*Your goal*
Using the listing below, set down exactly the lines from the one that contains "9b76396b5d4 Yves Saint" through the one that contains "Download Juan Tony", with no pictures.

*Dataset extract*
+++

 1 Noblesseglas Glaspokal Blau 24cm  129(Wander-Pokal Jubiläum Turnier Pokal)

+++

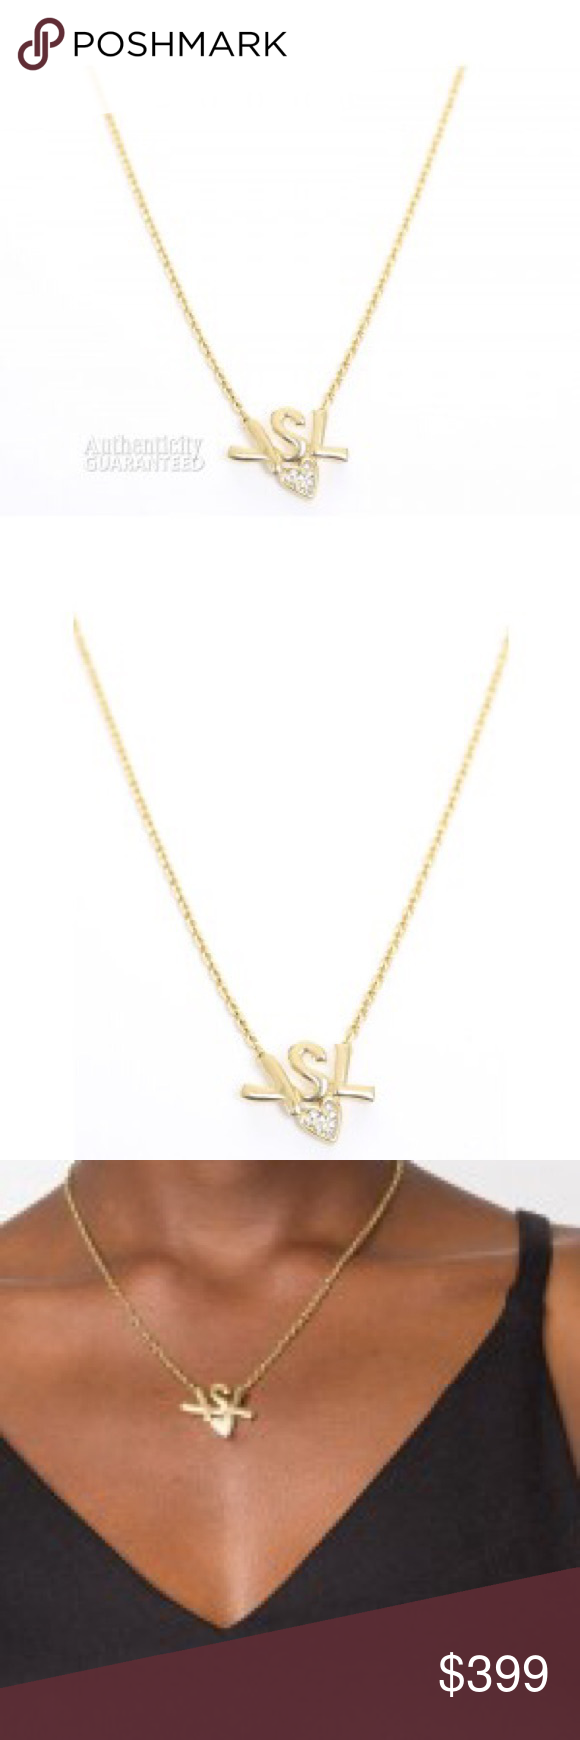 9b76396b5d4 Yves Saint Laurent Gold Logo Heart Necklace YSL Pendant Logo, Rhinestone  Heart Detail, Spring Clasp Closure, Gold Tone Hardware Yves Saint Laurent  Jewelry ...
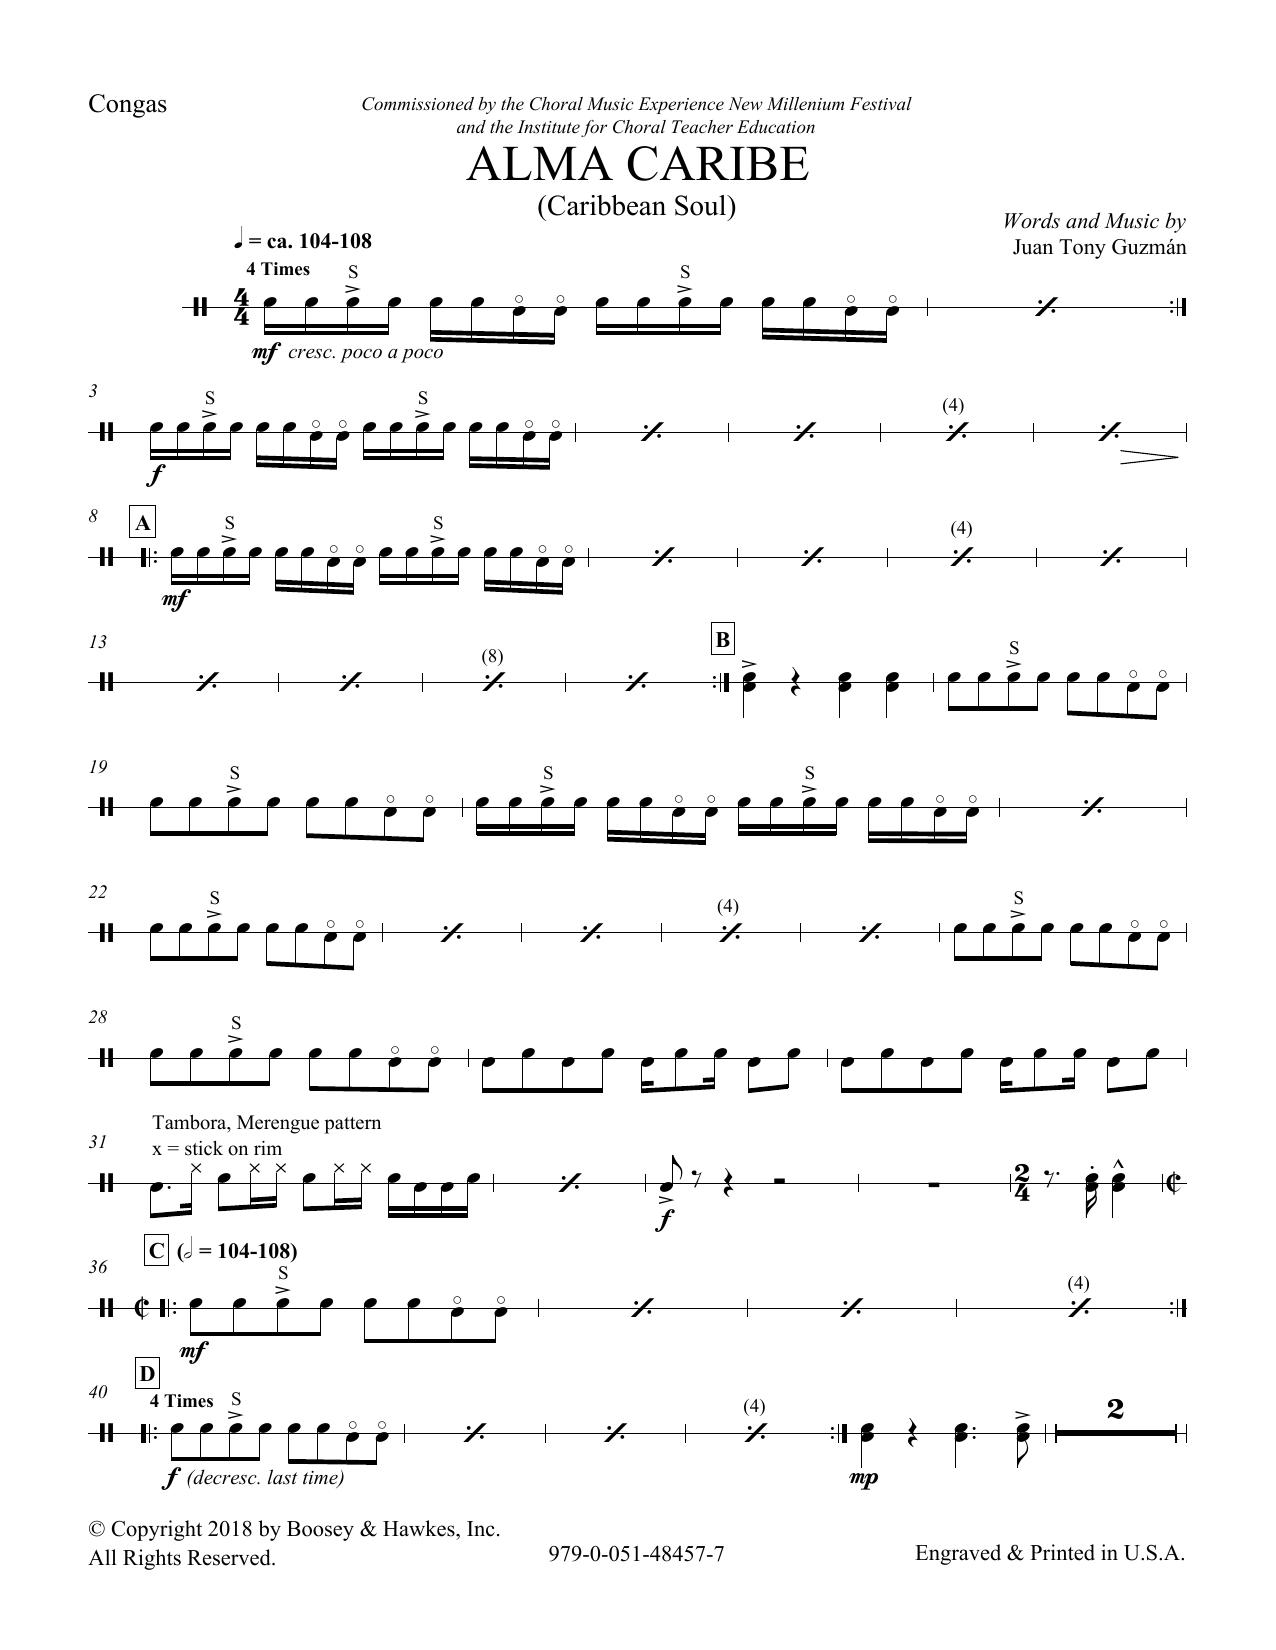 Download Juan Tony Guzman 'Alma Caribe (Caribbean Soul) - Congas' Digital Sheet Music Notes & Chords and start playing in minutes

+++

*Task output*
 9b76396b5d4 Yves Saint Laurent Gold Logo Heart Necklace YSL Pendant Logo, Rhinestone  Heart Detail, Spring Clasp Closure, Gold Tone Hardware Yves Saint Laurent  Jewelry ...
 Download Juan Tony Guzman 'Alma Caribe (Caribbean Soul) - Congas' Digital Sheet Music Notes & Chords and start playing in minutes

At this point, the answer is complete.